Your opinion. Others' differ.



Adrian Malacoda said:


> There is a forum feature called "reputation" or "karma" that's supposed to be a metric of post quality (sort of like upvotes on reddit, if you're familiar with reddit), but it's not enabled on this forum for various reasons I don't care to research right now.


No idea what that is, and doesn't sound like it's worth the effort.



Butterfree said:


> Ugh.


Well, sorry for inciting another "Forum Games" incident. =/



Butterfree said:


> Yes, post counts can influence people, and they are something of an indicator of how active the person is or has been on the forums (whereas join dates tell you only how long it's been since they joined, with no indication of how much they've contributed). However, post count is so inherently unable to measure the _worth_ of a member's contributions that excluding forum games would be a really futile effort. It's kind of like putting a saddle on a wild lion: even if the saddle technically improves your chances of being able to ride it, the fact it's a lion still makes that impossible, so why don't you just let it be a lion and not bother with the saddle? Post count will always be unable to distinguish between a member who makes long, thought-out posts in Serious Business and a member who posts a one-liner answer to a bunch of polls in Miscellaneous Discussion or General Pokémon Discussion, so why go to lengths to let it discriminate against people who just play a bunch of forum games?
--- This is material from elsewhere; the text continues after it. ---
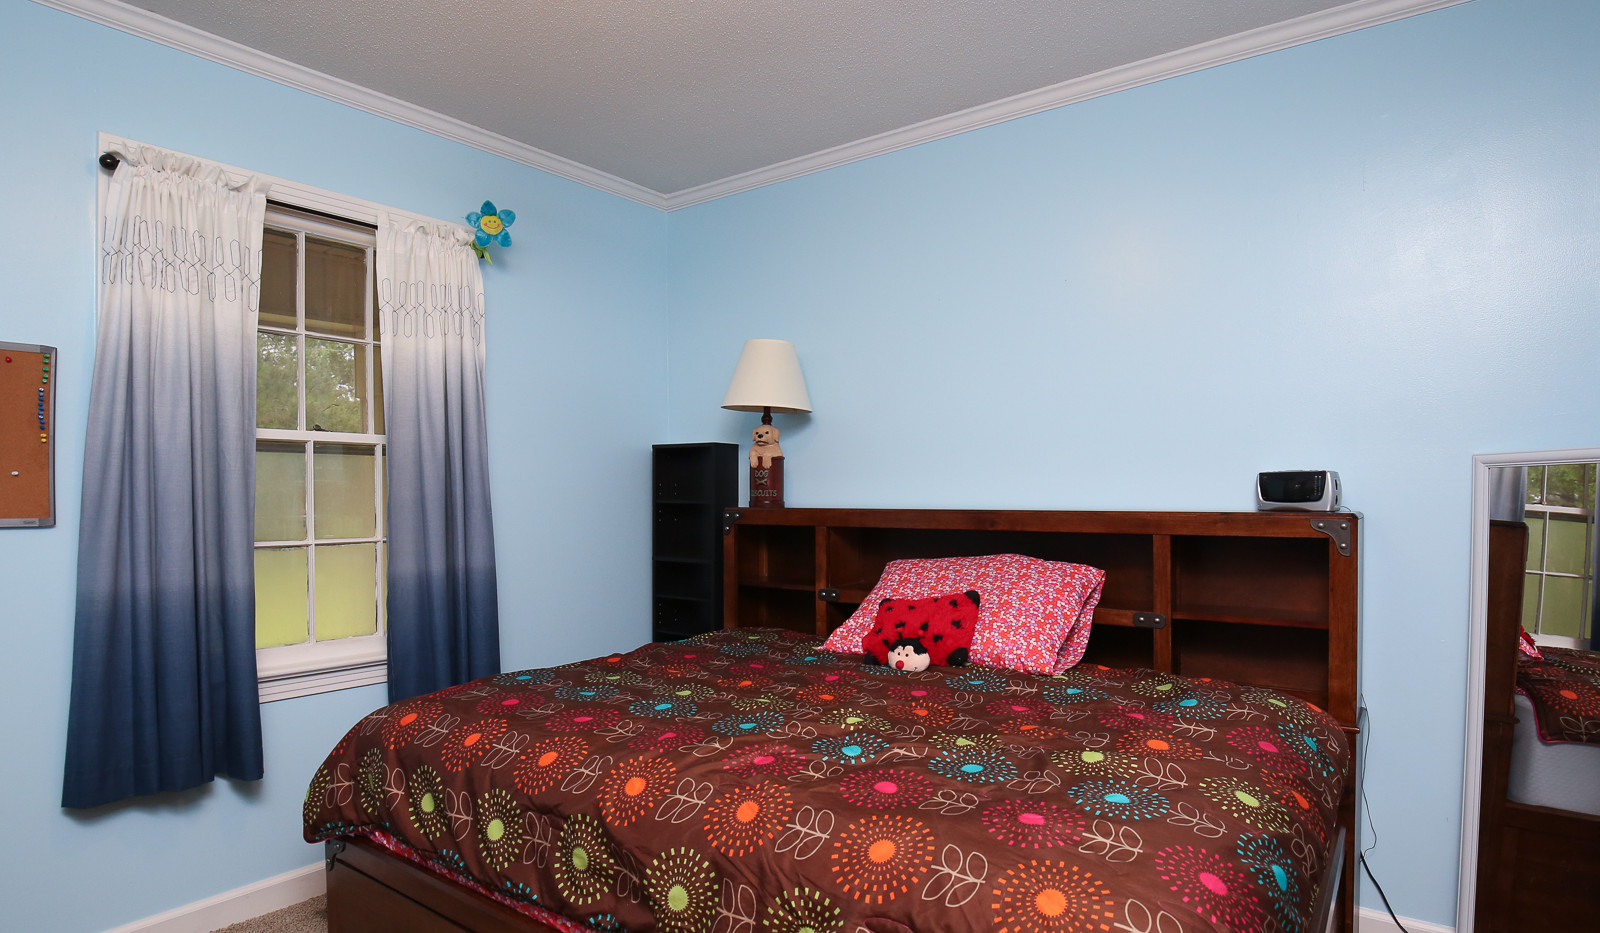 023_294_barnes_ave_bedroom1.jpg

For the part about post counts not being a good measure; I agree with you, others don't. Again, it's an opinion.

For the other part; I am assuming the discrimination against Forum Games players is that people think they are trying to earn posts to earn fame/respect/whatever. Correct me if I'm wrong. Anyway, if that's the case, you can't just magically remove the discrimination; you can try and weaken it, because the people who judge Forum Game posters will feel less hostile towards the Forum Game posters if Forum Games has its posts discounted from the post count since the Forum Games poster's perceived goal (from the discriminators) isn't reached.

Did I make sense there?



Butterfree said:


> We used to have post count off in forum games, actually, several years ago. Then people made threads going "LOL BUTTERFREE IS THE SILLIEST ADMIN, DON'T YOU REALIZE THAT POST COUNT IS FOR COUNTING POSTS? ALSO REMOVE FORUM GAMES BECAUSE I DON'T LIKE IT AND ALSO I LOVE STOMPING ON CHILDREN'S SANDCASTLES." And I turned post count back on in forum games because I don't actually give a damn whether posts count in forum games and just wanted them to stop complaining. But the reasoning for that side of the matter is ultimately what I described above.
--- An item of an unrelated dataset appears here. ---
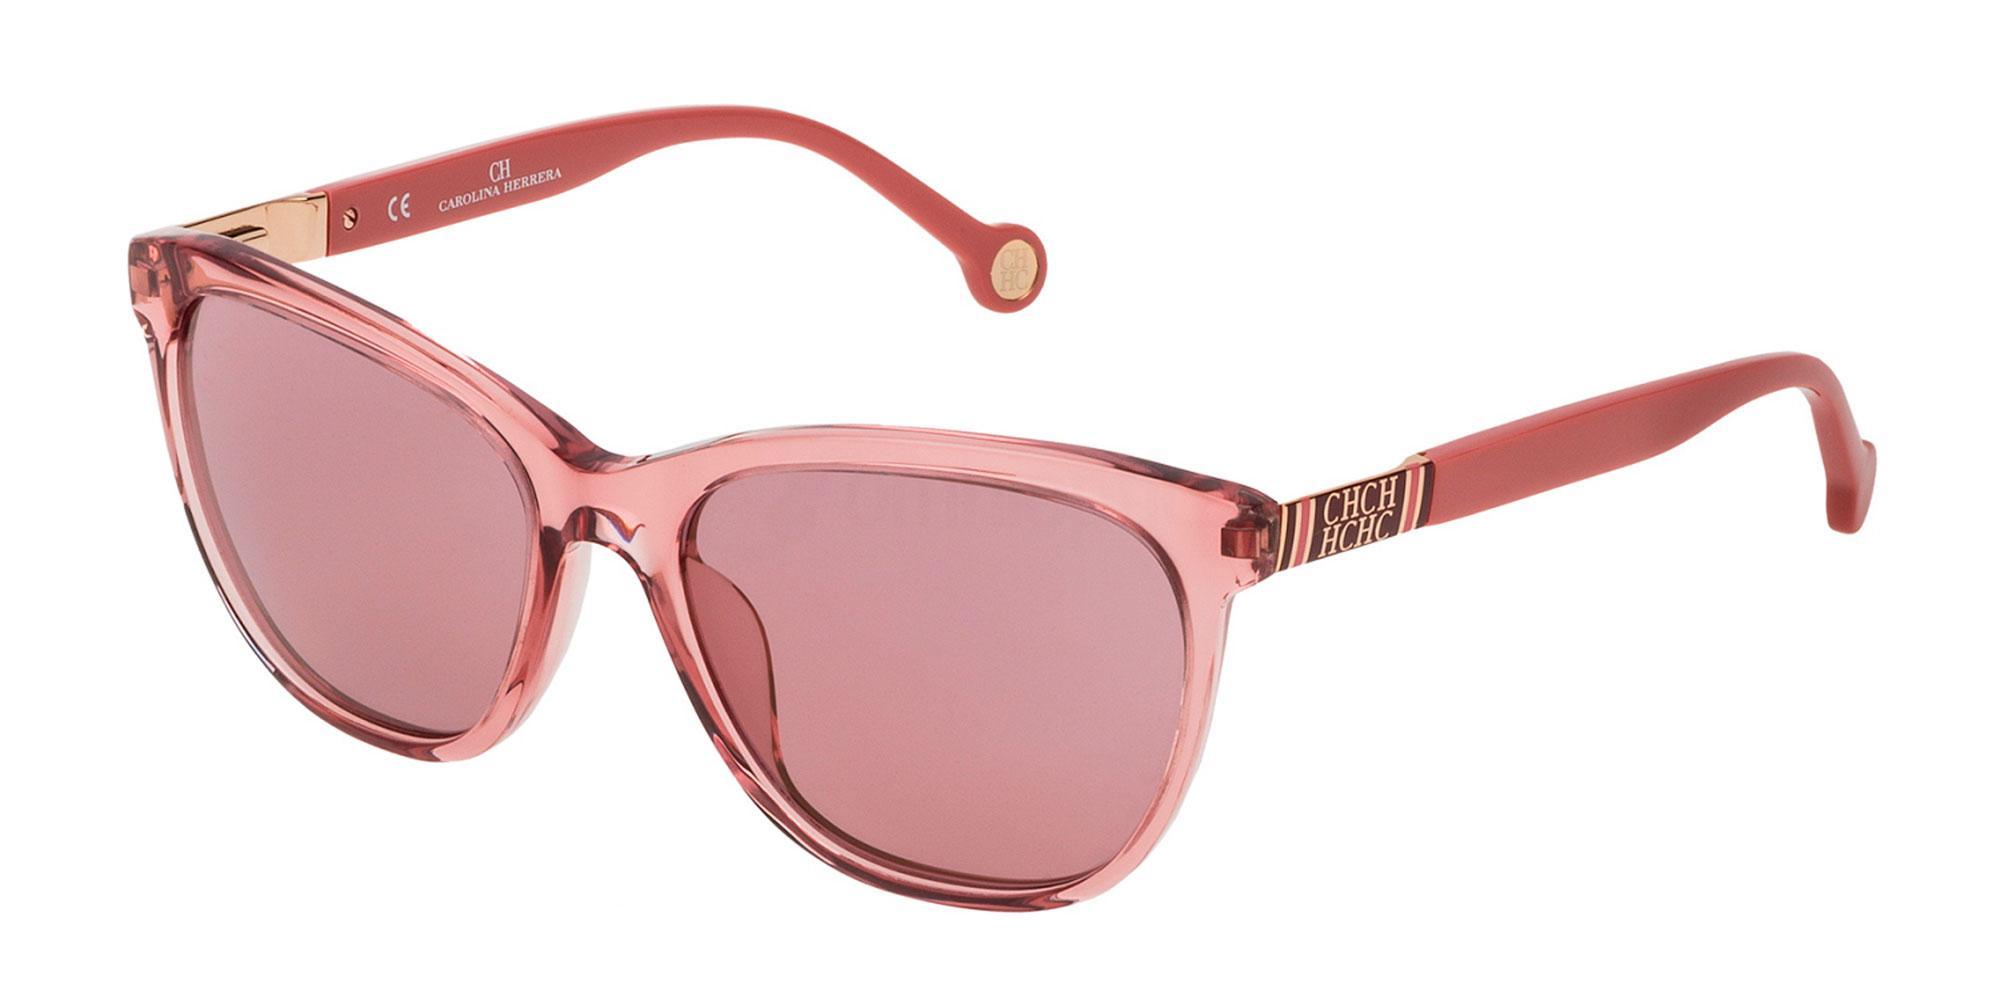 96DG SHE691 Sunglasses, CH Carolina Herrera

I personally believe that it is the best to take the correct course of action rather than the action that stops people complaining. But you do have a lot on your hands, so I guess it's an acceptable measure. Still, it is obvious the people are complaining aren't subject to reasoning if they _actually_ spoke about sandcastles and stuff.

As for post count counting posts; well, isn't the signature a "signature"? Why don't we ban links to other sites! That's not part of a signature at all!

Point is, things don't have to follow their name in order to be effective and have a purpose.



Butterfree said:


> Also, you can make analogies involving genitalia even when they're not strictly necessary because they're often more amusing than their cleaner counterparts. I enjoy Music Dragon's strange analogies; from my previous impressions, many other members do too. One person not liking to hear about penises doesn't really counteract that, I think.


Well, I don't enjoy it, so I request to not to analogies involving genitalia. He doesn't have to comply to my request, but I'd appreciate it more if he did.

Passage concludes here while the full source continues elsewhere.